Unbehandelt führt die Parodontitis zum Verlust der Zähne,
sie stellt neben der Karies die Hauptursache für Zahnverluste
dar.
2. Wie wird die Parodontitis festgestellt?
Eine umfassende Erstuntersuchung beinhaltet auch die Sondierung
eventuell vorhandener Zahnfleischtaschen. Bestehen Hinweise auf
eine Parodontitis, liefern Röntgenbilder, Blutungsindizes und
die sog. Markerkeimbestimmung weitere Informationen, auf deren Grundlage
anschließend das weitere Vorgehen geplant wird.
3. Die Behandlung
Das moderne Behandlungsspektrum ist breit gefächert, wir wenden
von der minimalinvasiven Therapie bis hin zu chirurgischen Verfahren,
wie z.B. der Knochenregeneration, alle erprobten Verfahren an.

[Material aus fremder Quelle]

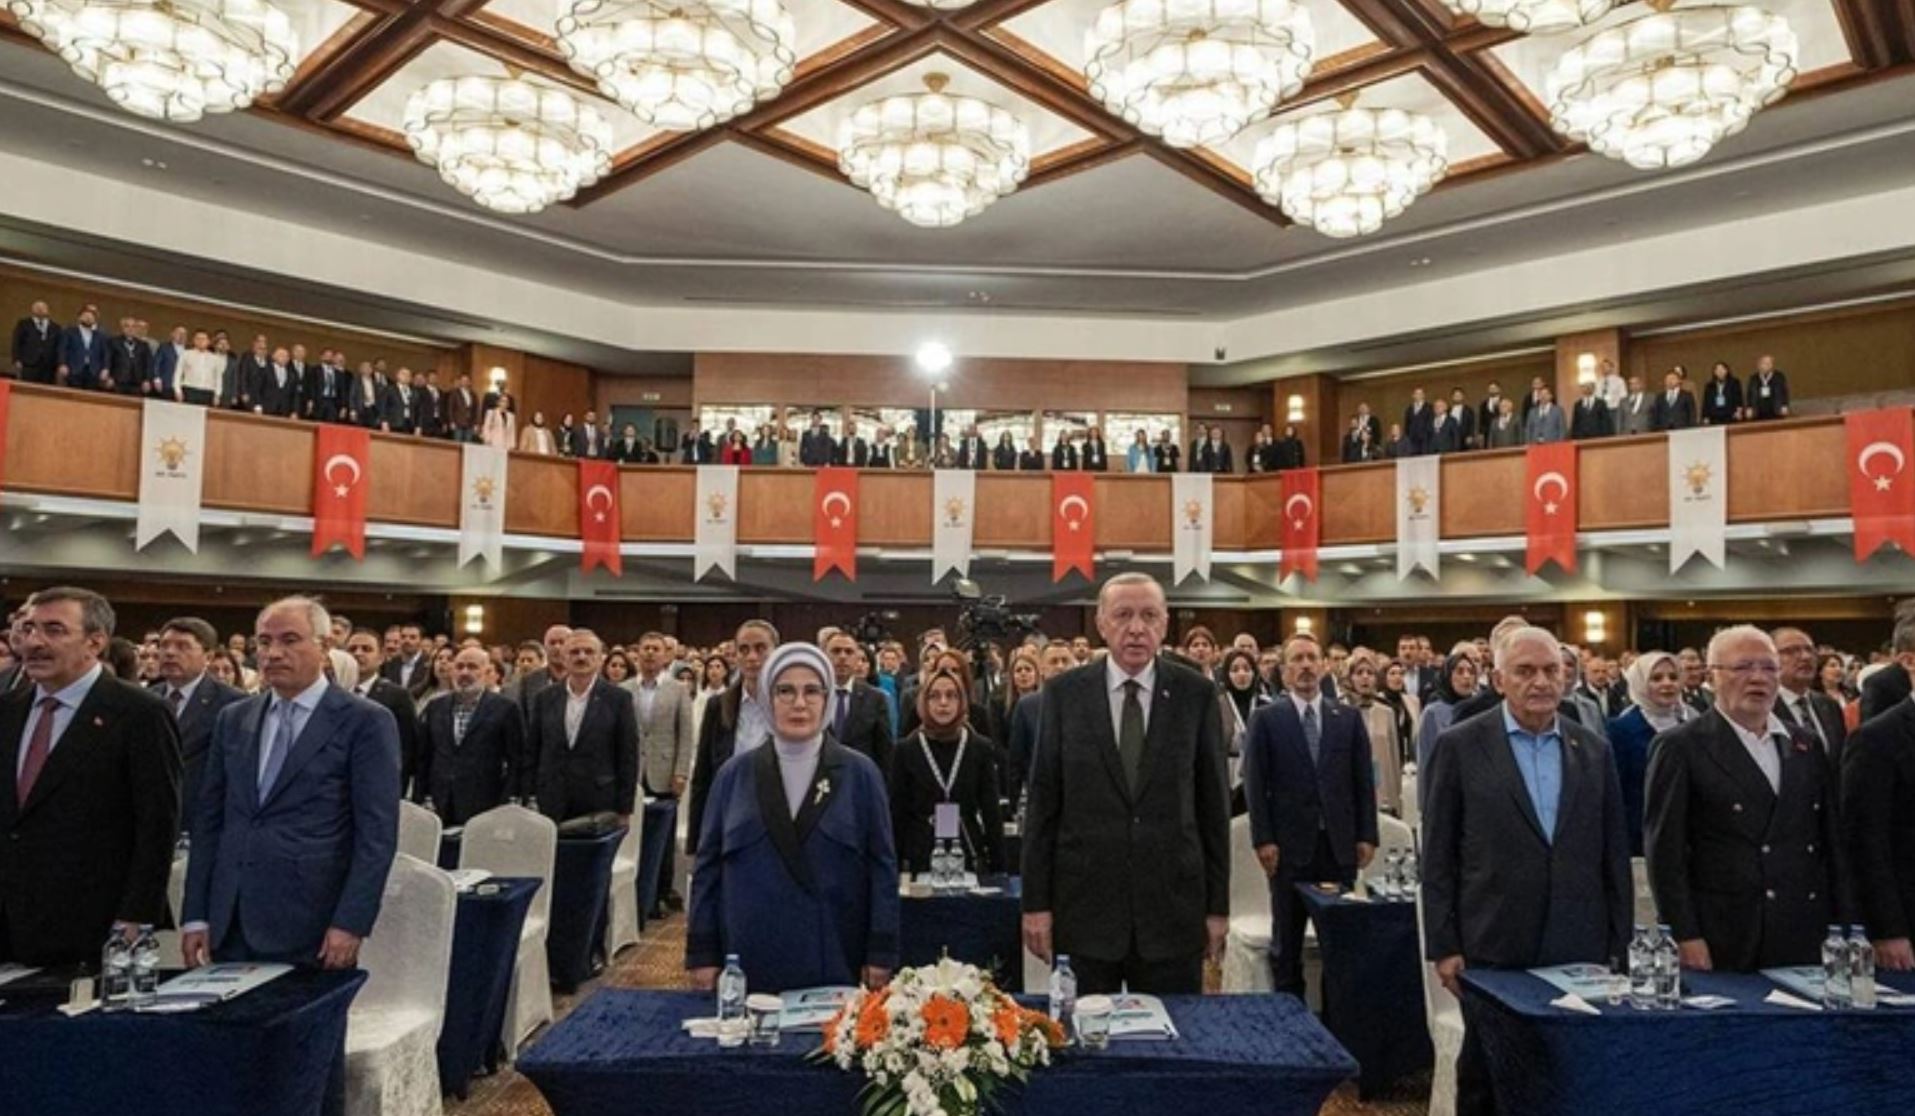 Kızılcahamam’da AKP yönetimine sert eleştiriler:”Hiçbir şey olmamış gibi orada oturuyorsunuz”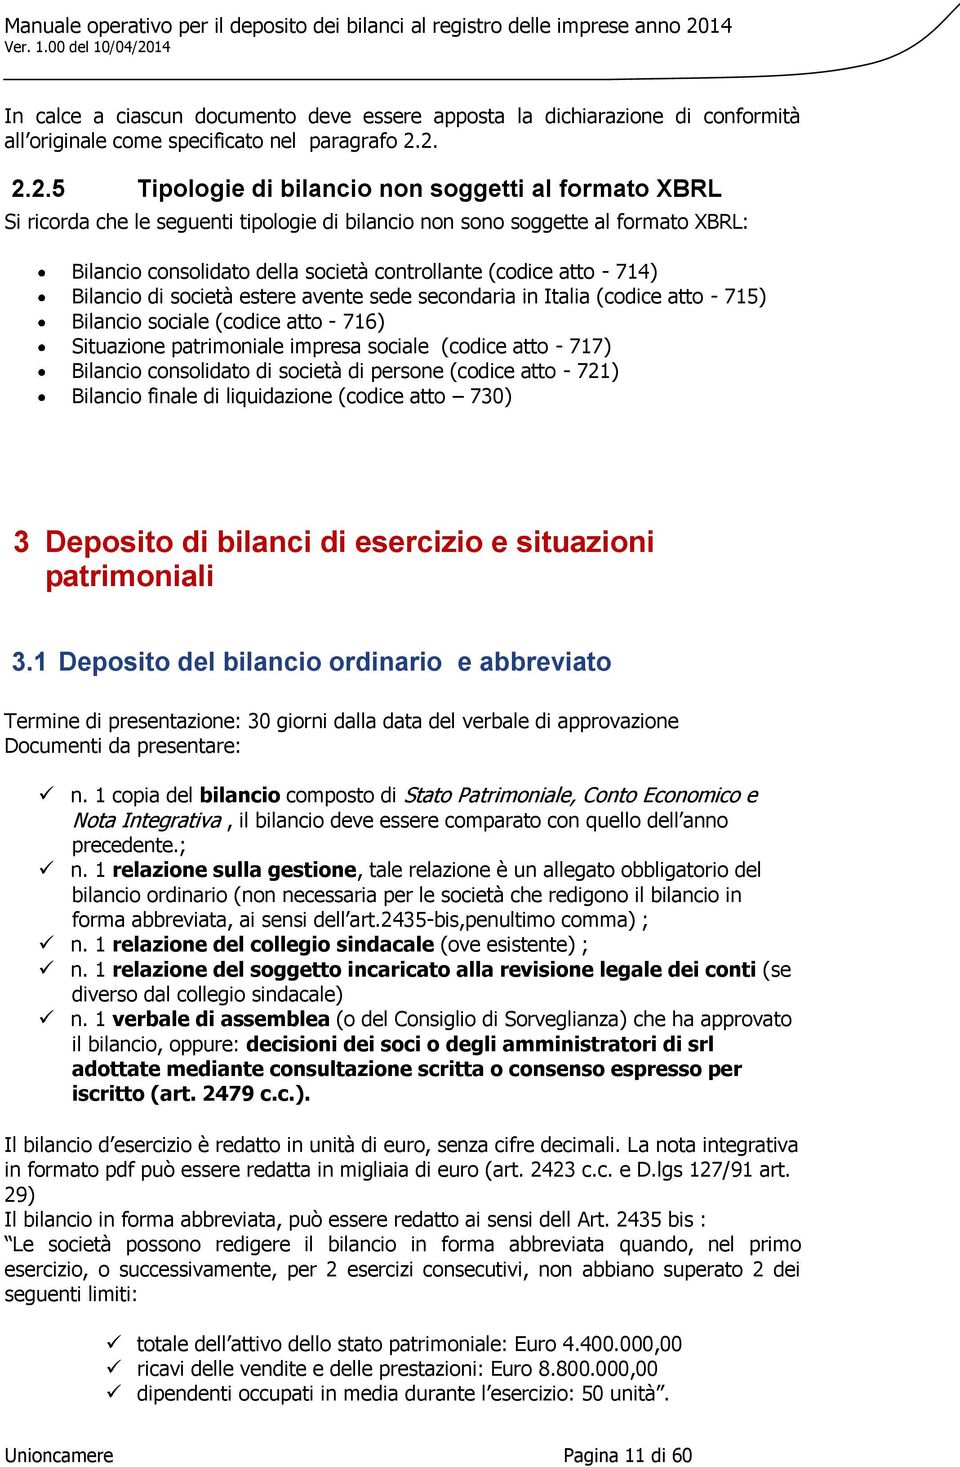 atto - 714) Bilancio di società estere avente sede secondaria in Italia (codice atto - 715) Bilancio sociale (codice atto - 716) Situazione patrimoniale impresa sociale (codice atto - 717) Bilancio

Die Behandlung zielt vornehmlich auf die Entfernung der harten
und weichen Beläge ab. In der Vorbehandlungsphase werden alle
Störfaktoren, die eine optimale Mundhygiene erschweren oder
sogar unmöglich machen, wie z.B. überstehende Füllungs-
oder Kronenränder, beseitigt. Begleitend zeigt Ihnen unsere
Prophylaxeassistentin, wie Sie durch eine optimierte häusliche
Mundhygiene die Behandlung unterstützen und ein Wiederaufflammen
der Symptome nach Behandlungsabschluss vermeiden können.
Unter lokaler Betäubung werden die Beläge über die
Tasche selbst entfernt (Kürettage). Die Therapie ist schmerzfrei,
auch nach Abklingen der Anästhesie sind keine Schmerzen zu
erwarten. Als hocheffektive Alternative zur konventionellen Kürettage
kann in unserer Praxis die Behandlung meist ohne Anästhesie
auch mit dem Laser
durchgeführt werden. In einer Kontrollsitzung, die ca. zwei
Monate nach der letzen Kürettage stattfindet, wird der Behandlungserfolg
überprüft.
Da die Zahnfleischtaschen auch bei optimaler Therapie nicht immer
vollständig eliminiert werden können, werden die Taschen
in individuell festgesetzten Abständen sondiert (Recall),
um erneut auftretende Entzündungsherde frühzeitig zu erkennen.
Regelmäßige professionelle Zahnreinigungen sichern ein
stabiles Behandlungsergebnis.
4. Welche Kosten entstehen mir?
Die gesetzlichen Krankenkassen übernehmen die Behandlungskosten
in voller Höhe. Ausgenommen sind die professionelle Zahnreinigung
und weiterreichende Maßnahmen, die u.U. nötig werden
könnten, wie z.B. spezielle chirurgische Verfahren.
Private Krankenversicherer erstatten in der Regel alle therapeutischen
Maßnahmen.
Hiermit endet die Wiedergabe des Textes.